This would leave me groggy and ruin my entire day.
I just shrugged it off as ‘you gotta respect age and alcohol’ and continued merrily indulging in my weekend 7pm ritual and the occasional mid week celebrations.
Each time I was to fly out of India I would always book my 2 bottles of Ballantine 17 at the Mumbai airport before catching my flight (Mumbai Duty Free has a provision).
I was happily stocked up!
In May 2012, my wife and I joined a group of Ananda Sangha to visit 8 monasteries in Leh and Ladakh.
The trip was magical. See the facebook album of that trip here.
On the last day of that trip, after we had descended the steps of the last Monastery and were walking towards our bus, I began chatting with Daya (the leader of the trip).
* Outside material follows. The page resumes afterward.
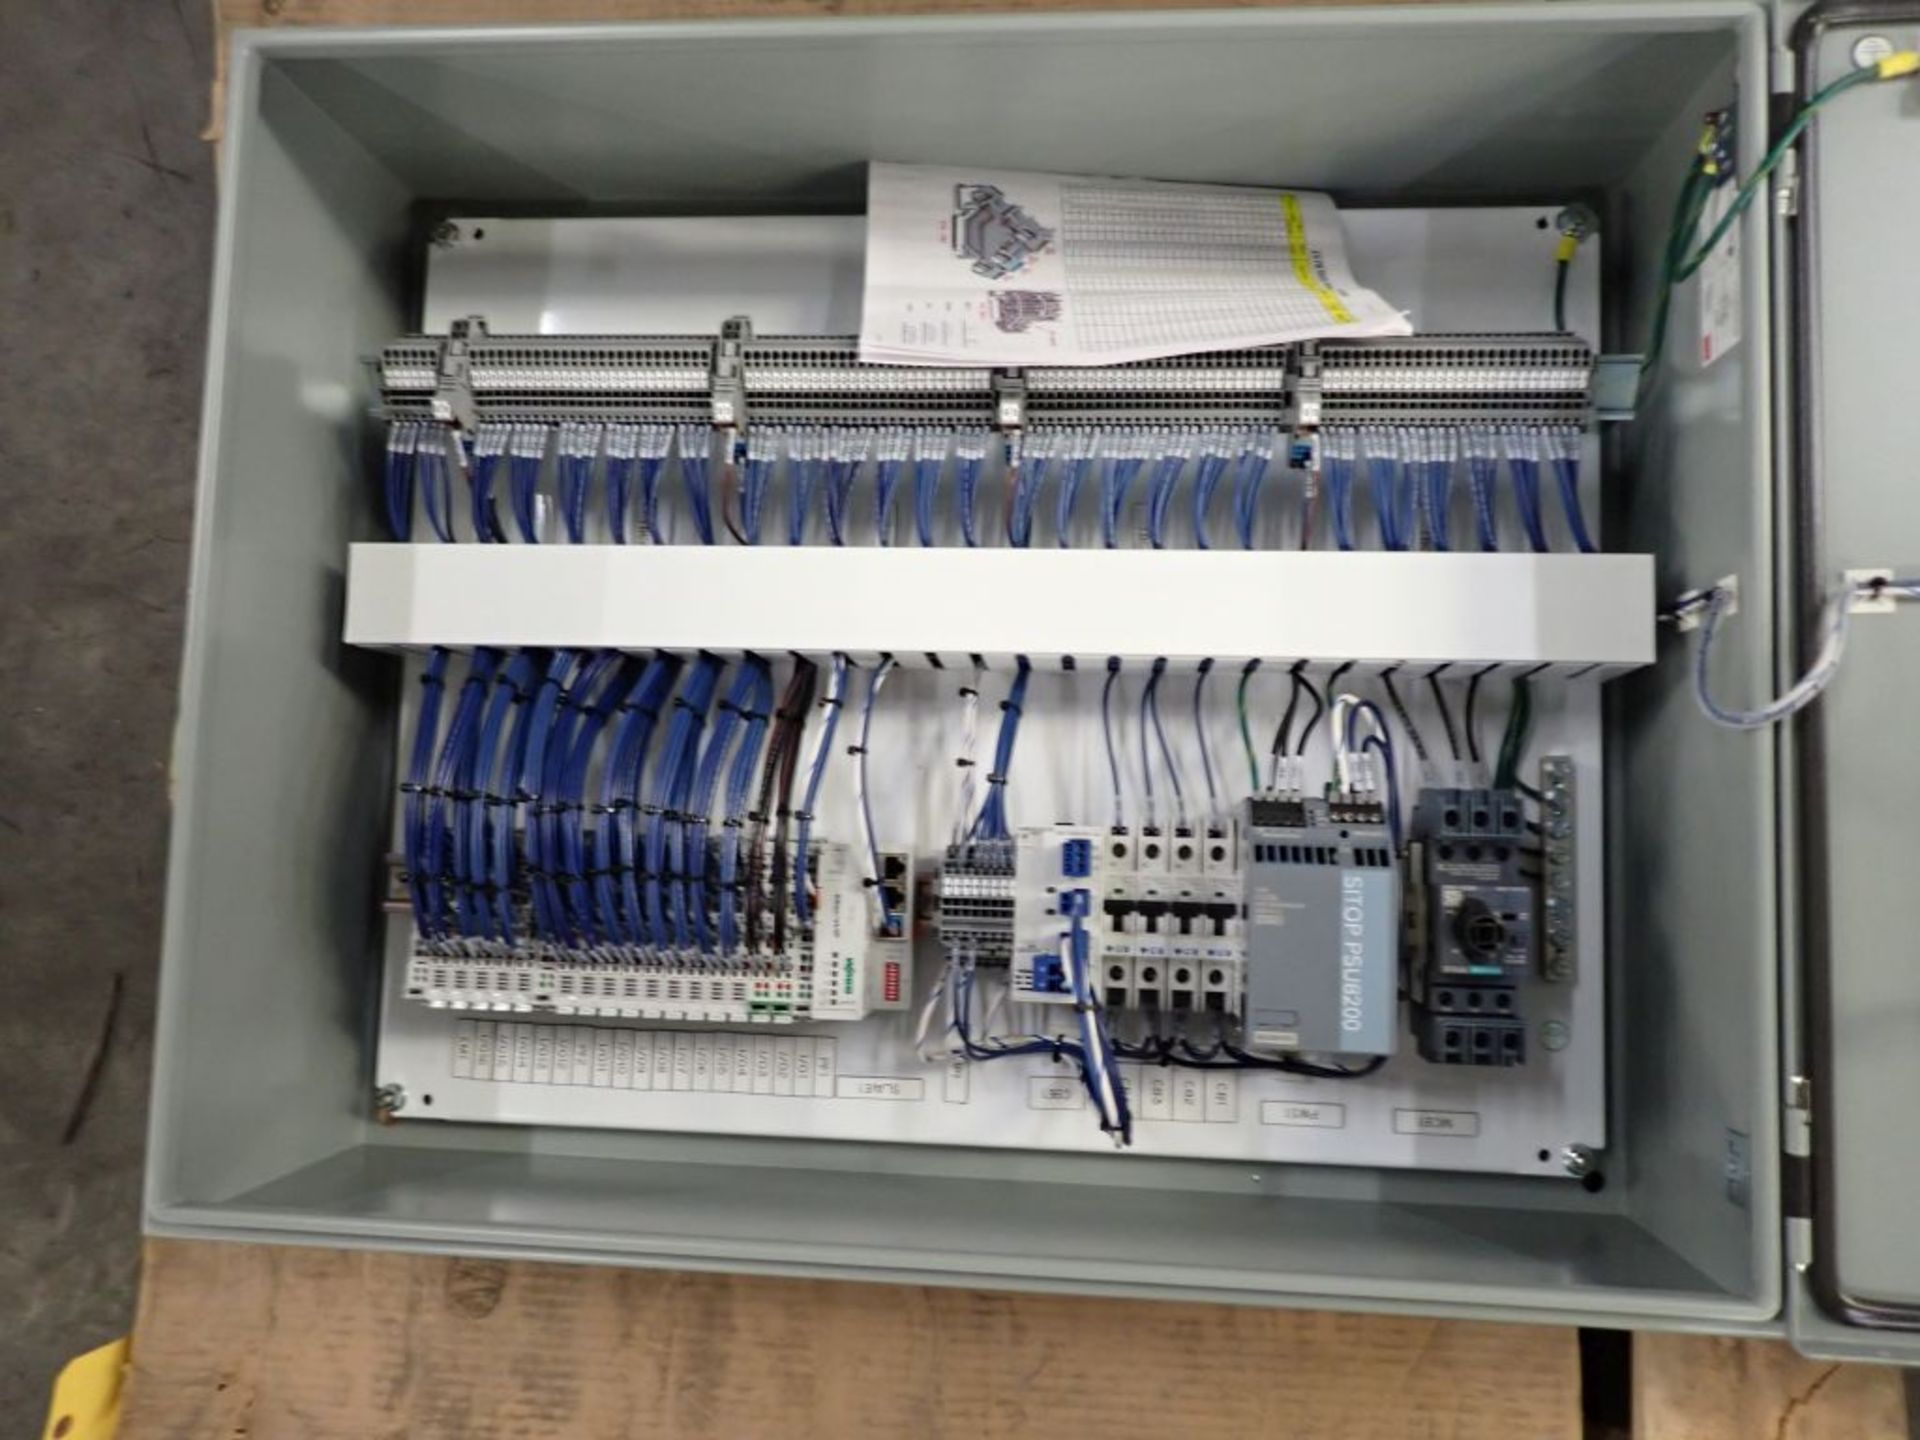 Hoffman Nvent Industrial Control Panel Enclosure with Contents - Image 5 of 9

I have no idea why, but I spoke about my occasional tryst with alcohol.
Daya said, “Alok, you know that to meditate and to achieve spiritual glory, you will need to get rid of that ‘stuff’. Let’s work on it.”
This was the exact place where our conversation took place:
We returned home around the 7th of May 2012.
A couple of days later, one morning when I opened my wardrobe to select a shirt, I saw 8-10 bottles of single malts all sitting pretty in the corner.
Something revolted inside of me.
I felt that the bottles had no place in my wardrobe where I also keep my prayer beads & meditation mat.
That same day I packed my bottles, took them to office and placed them inside the cabinet of an empty desk next to me.
Since that day, I have not consumed alcohol.
Something inside me that wanted to drink has vanished.
I dunno what happened at that Leh trip, but all of a sudden, I just don’t ‘remember’ alcohol anymore (you know what I mean – on a weekend, when you go out, you think of ‘getting a drink’.)
A couple of times when I was in the USA this July, I felt a twang of temptation when a really fine bottle of red wine was ordered by my VC – Sumant Mandal. Strangely, that feeling passed very quickly.
– In my case, meditation and trips to sacred places blessed with saints and gods probably made my smoking and drinking desire go away. I think Daya blessed me with the intent to ‘work’ on my drinking habit and that had an instant effect.
– In your case, it could be something else! Maybe a hobby, a new sport, anything!
Oh, sure – you MUST try Yoga and Pranayam and any kind of meditation – that’s guaranteed to make you allergic to smoking and alcohol.
The message I am trying to bring across is that by luck, by chance, by design – make these habits leave you, rather than the other way around.